Tal vez, solo quería eso, que aunque le mostrase mi ignorancia, con el asidual no sé, intentaba siempre escucharlo, hacer de la manera más posible que atendía palabra por palabra comprendiendo el sentido de todo aquello que decía en cada noche sobre las escaleras del descansillo.
Fermín contaba, desde hacía años atrás, con un desorden en su entorno familiar (El terror tan caótico que estaba produciendo) la guerra parecía haber enquebratado toda la armonía que siempre se encontraba en su hogar.
Su padre, como él bien me dijo, había cambiado, Su carácter no era el mismo, como aquel hombre tan generoso y afable que desde mi uso de razón había tratado. Ahora se había convertido en un personaje raro, un tanto maquiavélico, con un carácter amargo, y una presencia funesta. No era más que un hombre desgraciado, sometido a las trágicas circunstancias del momento.
Siempre se había corrido el más que rumor entre vecinos, que el padre de Fermín rodeaba las altas élites políticas del momento, con propósito de ser delator participaba en asuntos conspiradores contra la República Así, ya en años sucesivos, estallada la guerra
Marchó como militante en el frente nacional. Al igual que él la madre marchó obligada como voluntaria al mismo frente como auxiliadora social.
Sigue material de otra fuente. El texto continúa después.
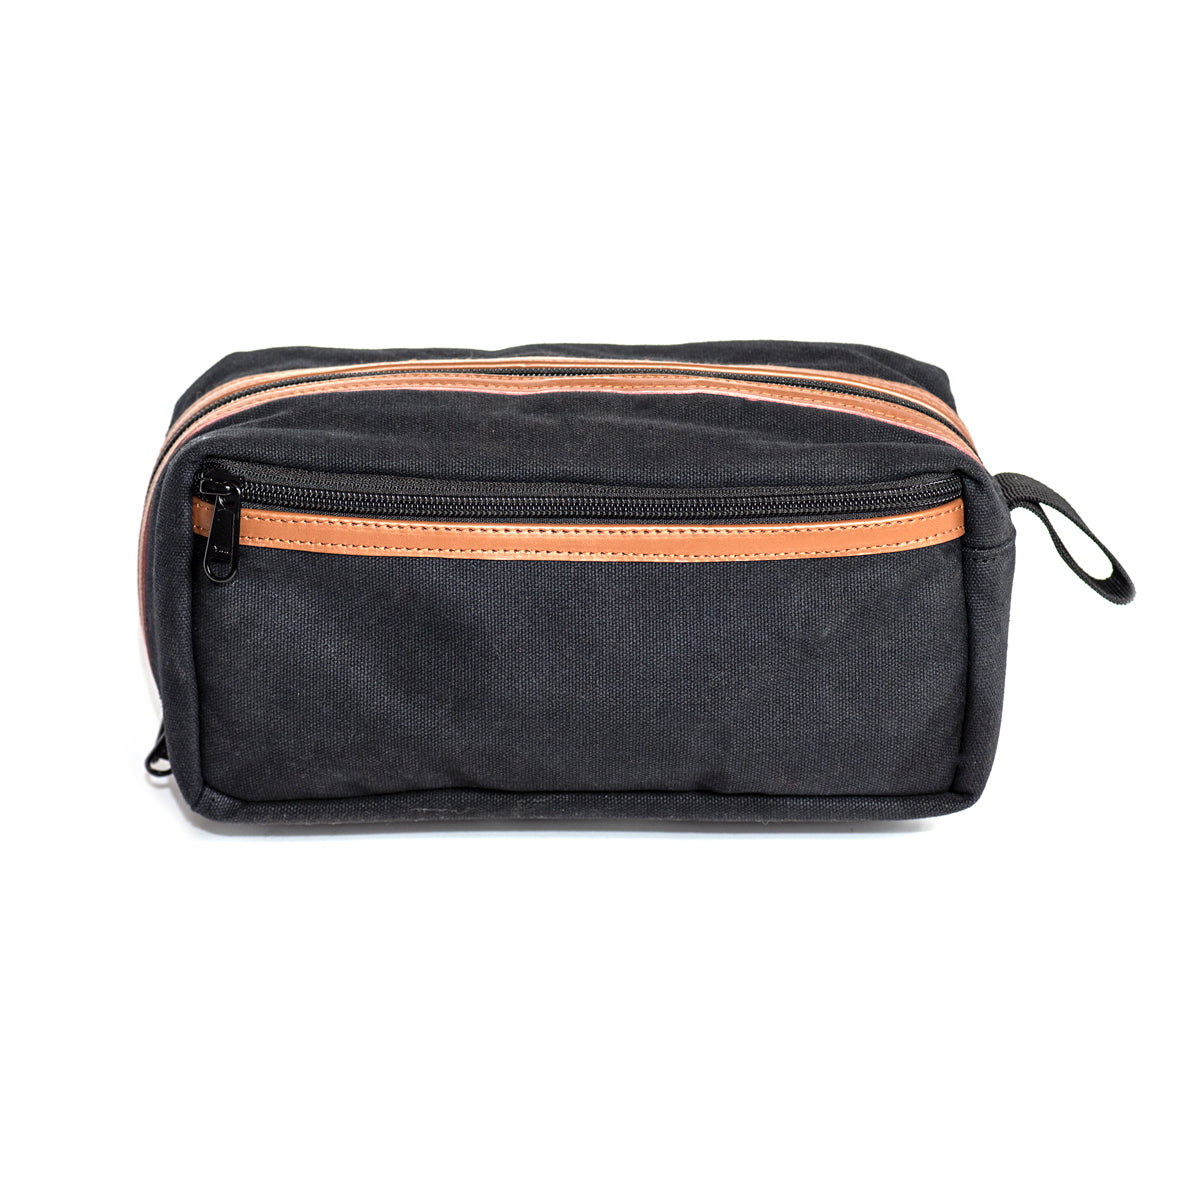 The Loaded Badass Canvas Travel Bag

La vida de los Arnedo cambiaba al mismo pasó, y casi de la misma forma que cambiaba otros hogares de la época, y Madrid en el transcurso de aquellos años. El fantasma de la ira y odio yacían en la conciencia de los que gozaban con aquel sentimiento de llamarse “españoles”. Era más que un conflicto de sangre y matanza en un misma nación, y en un mismo pueblo de hermanos, Madrid era la vorágine de un genocidio. Tiempos después de aquel conflicto incivil la sombra y desolación aún cubrían, sin freno, a modo de niebla cada minúsculo escondrijo remoto, lejano o no de existencia humana. Tanto la miseria como el miedo emergían sobre el aire frio y asfixiante, impregnando hogares, familias, e incluso hurgando la propia piel, remordiendo el gusano del miedo que se mecía en las entrañas. Sentíamos en nuestras carnes la certeza de una incertidumbre inexplicable; la vida podía transcurrir con la obsesión de un futuro incierto, con unos tiempos venideros donde sólo se alojaba la utopía, donde el volver a empezar estaba lleno de infortunio y desconcierto. Simplemente con la desgraciada esperanza a que no te matasen en plena calle, como a un perro por desdenes de la época o, simplemente, resignado a la dura hambre que clamaba muerte…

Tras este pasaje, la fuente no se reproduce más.